Oct 29, 2025·7 min read

Merge two codebases: pick one source of truth and migrate cleanly

Merge two codebases without duplicating bugs by picking a clear source of truth, migrating features step by step, and validating auth, data, and security.

Merge two codebases: pick one source of truth and migrate cleanly

Why two AI-built codebases become a problem fast

Two AI tools can produce two very different versions of the same app in a weekend. Maybe you started in v0 for speed, then rebuilt in Replit when things got messy. Or a teammate tried Lovable or Bolt and "fixed" a few screens there. Each repo can look believable on its own, so it’s tempting to keep both and sort it out later.

That’s where the trouble starts.

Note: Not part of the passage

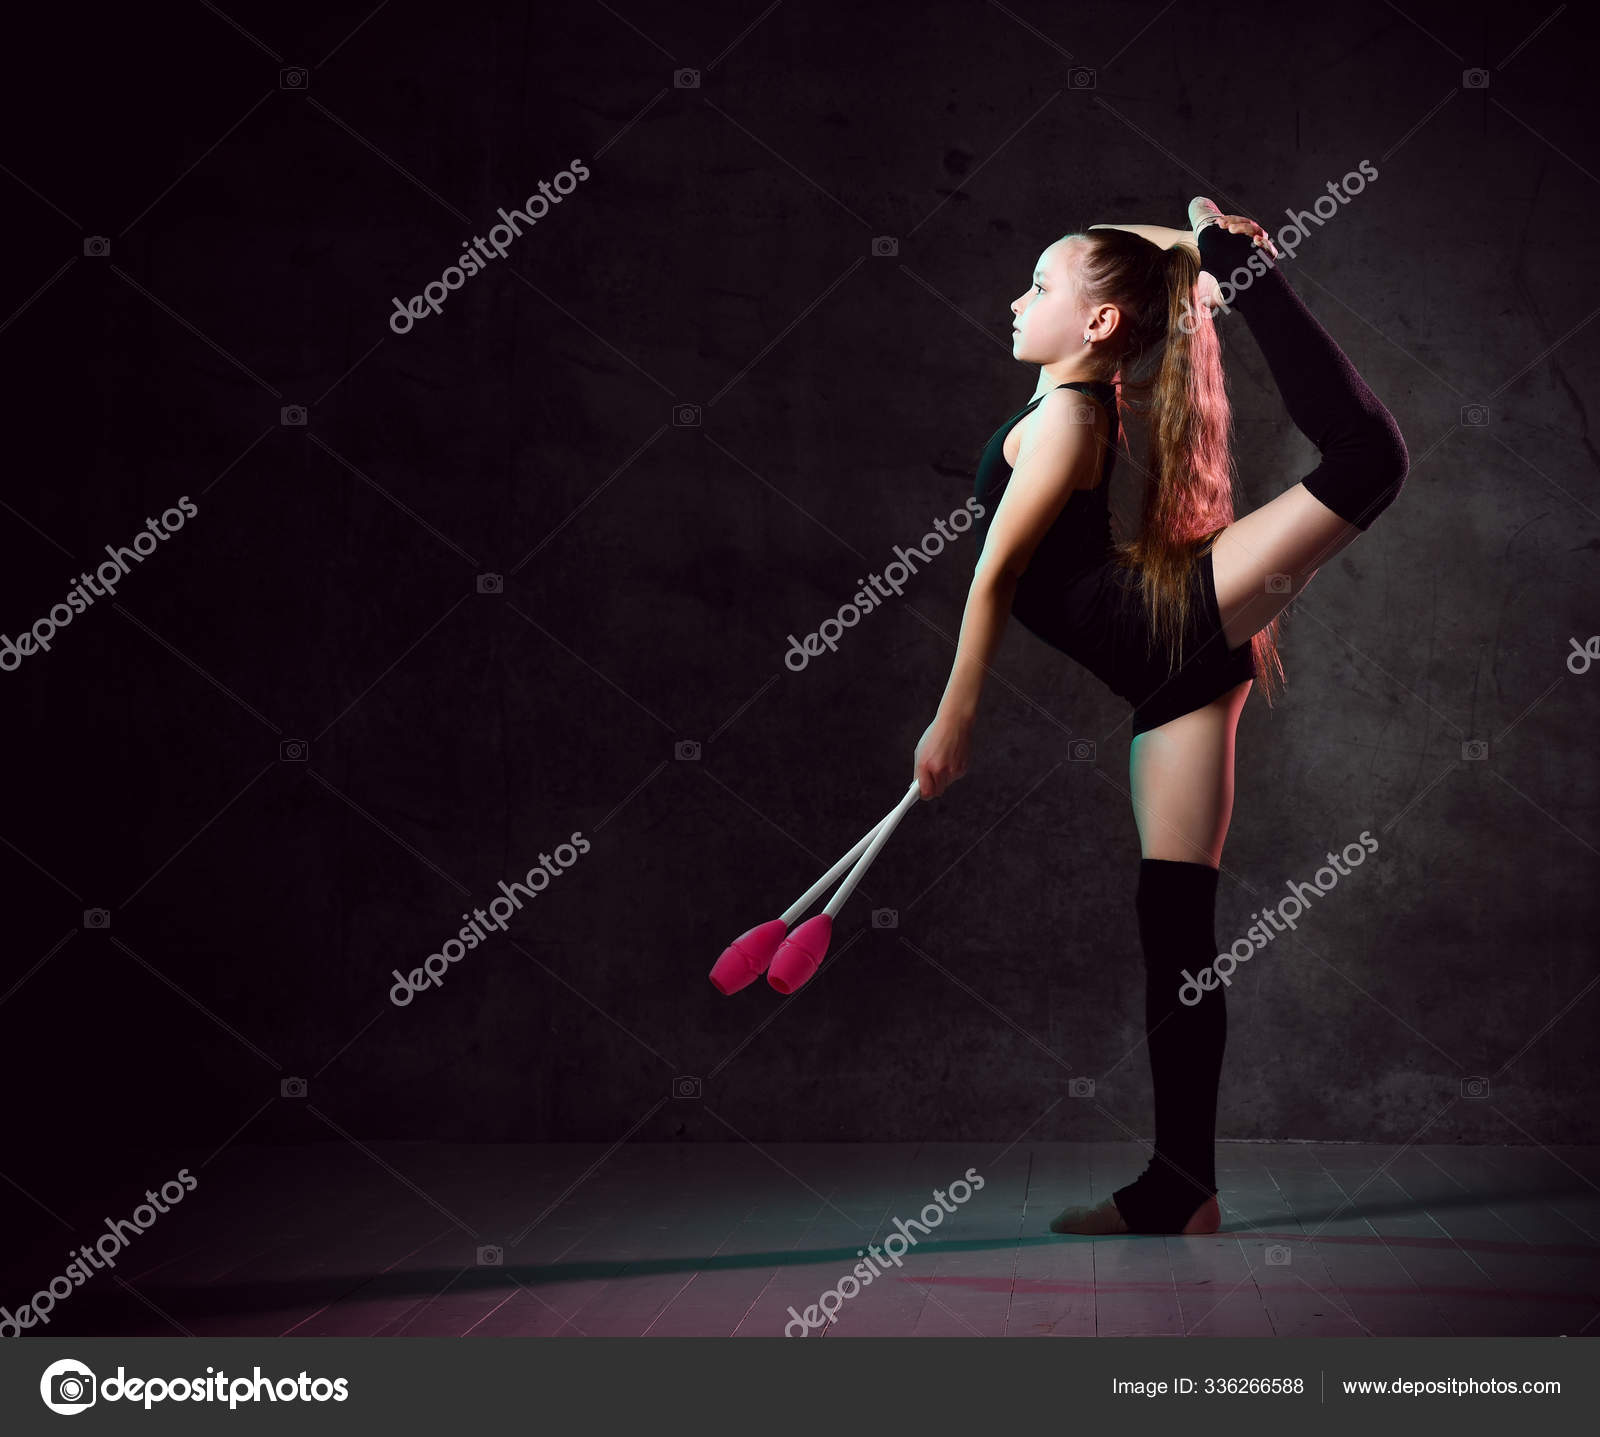 Young smiling girl gymnast in black sport body and uppers standing
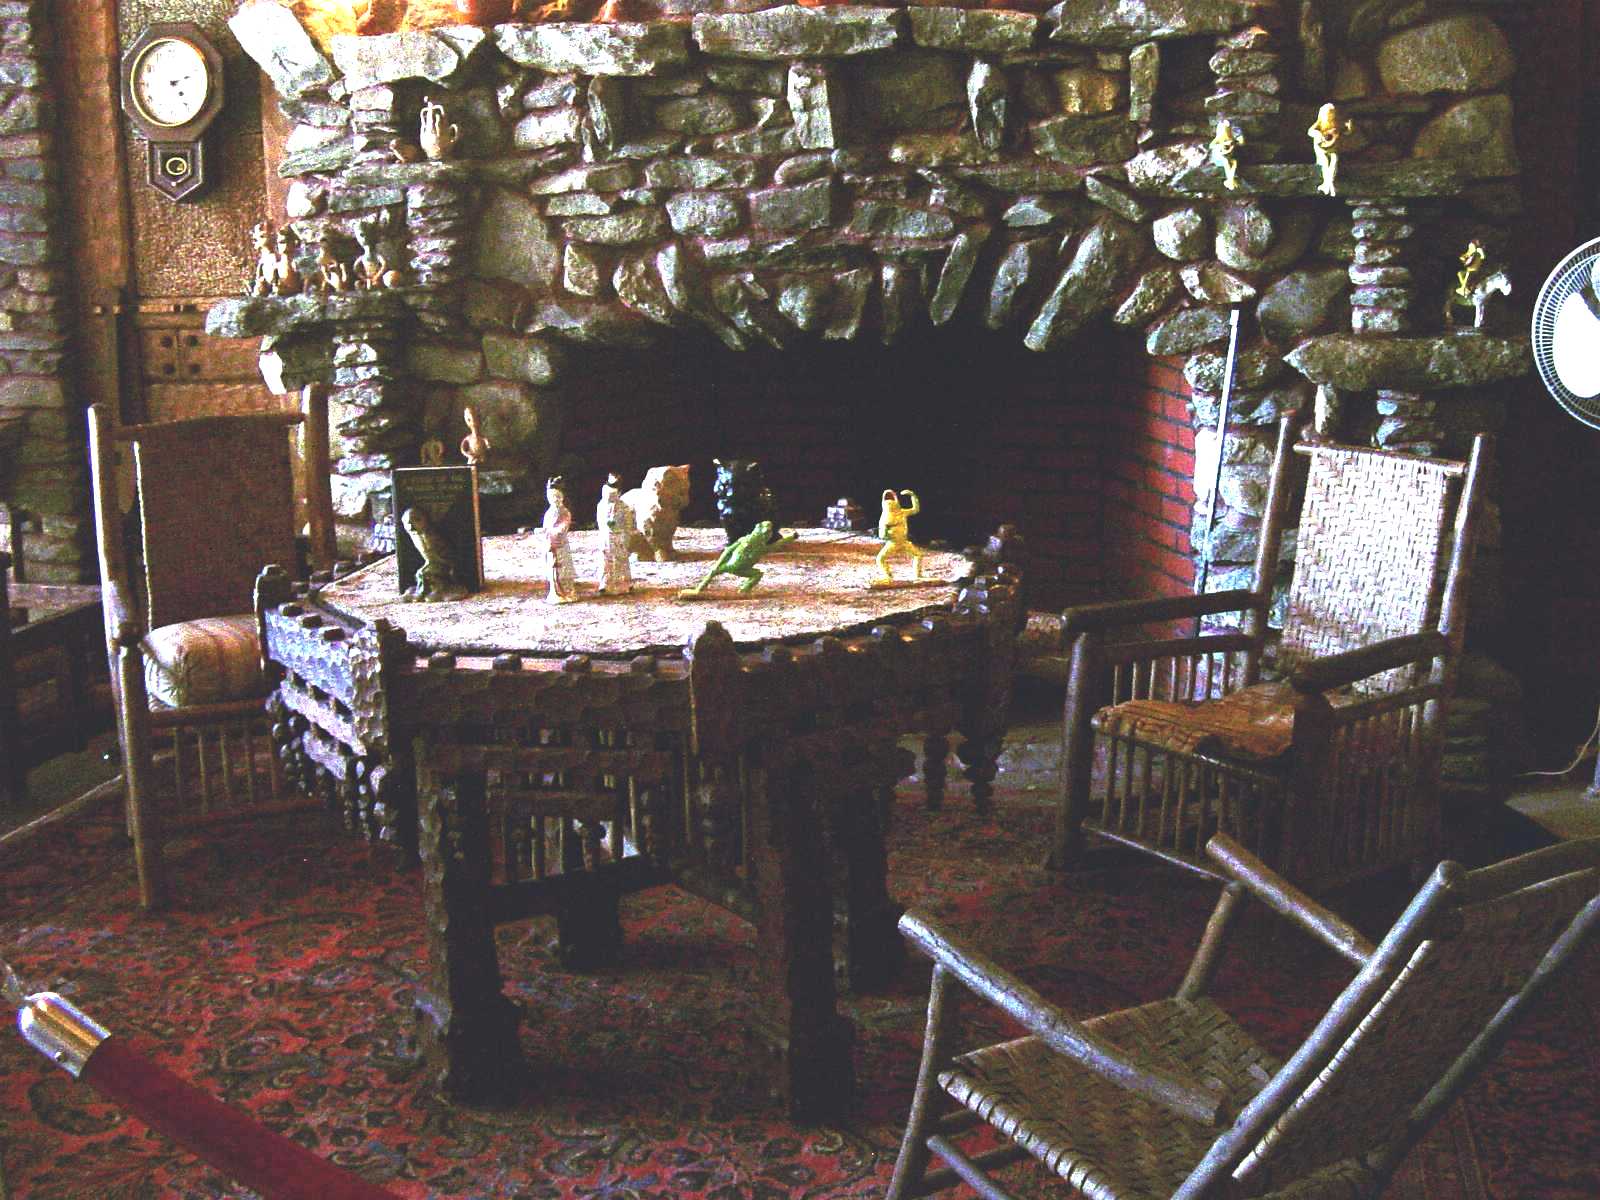 Table by fireplace in main room

Prototypes diverge quickly. The UI might look similar, but the logic underneath often isn’t. One repo stores roles in a table, the other keeps them in a JSON blob. One assumes email login, the other assumes OAuth. A week later you don’t just have two codebases. You have two sets of assumptions.

Common failure modes show up fast:

  • The same bug exists twice, but with different symptoms.
  • Business rules conflict (pricing, permissions, status rules), so “correct” depends on which repo you run.
  • Data models drift, making migrations risky and reporting unreliable.
  • Security fixes land in only one place, leaving the other as a trap.

Trying to merge two codebases line-by-line usually makes things worse. You end up stitching together mismatched patterns, copying broken auth flows, and pulling in unsafe queries or leaked secrets from the weaker repo. The result is a third codebase that’s harder to understand than either original.

A good outcome is simple: one source of truth codebase, one deployment path, and one place to fix bugs. You can still reuse good ideas from the other repo, but only by migrating features intentionally. The goal isn’t “combine everything.” It’s “choose one to trust, then move only what you can verify.”

What “source of truth” means (and what it doesn’t)

A source of truth codebase is the one place where new changes are allowed to land. If a feature ships, it ships from there. If a bug is fixed, the fix goes there. Everything else becomes reference material, not a second live product.

It doesn’t mean the chosen repo is perfect, clean, or even the one you like best. It also doesn’t mean you delete the other repo on day one. You can keep it for comparisons or use it to understand what users expect. The difference is governance: only one repo moves forward.

Before you pick, define what “truth” covers so you don’t fight about it later. Keep it plain:

  • Product behavior (features and key UX flows)
  • Data model and migrations
  • Authentication and permissions
  • Deployment setup and environment configuration
  • Logging and error handling

Then set one rule everyone follows: the winning repo is the only writable path. The other becomes read-only and stays that way.

Also set a decision deadline. AI-generated prototypes drift fast, especially when two tools keep generating new files. A practical target is 24 to 72 hours: pick one, freeze the other, then migrate intentionally. If you’re unsure which repo is safer, a quick audit can surface high-risk problems early, especially around auth, secrets, and database writes.

A quick way to compare two codebases without deep expertise

When you need to merge two codebases, don’t start by debating which one “looks nicer.” Start by checking which one behaves like real software under basic pressure: run, build, deploy, and fail in predictable ways.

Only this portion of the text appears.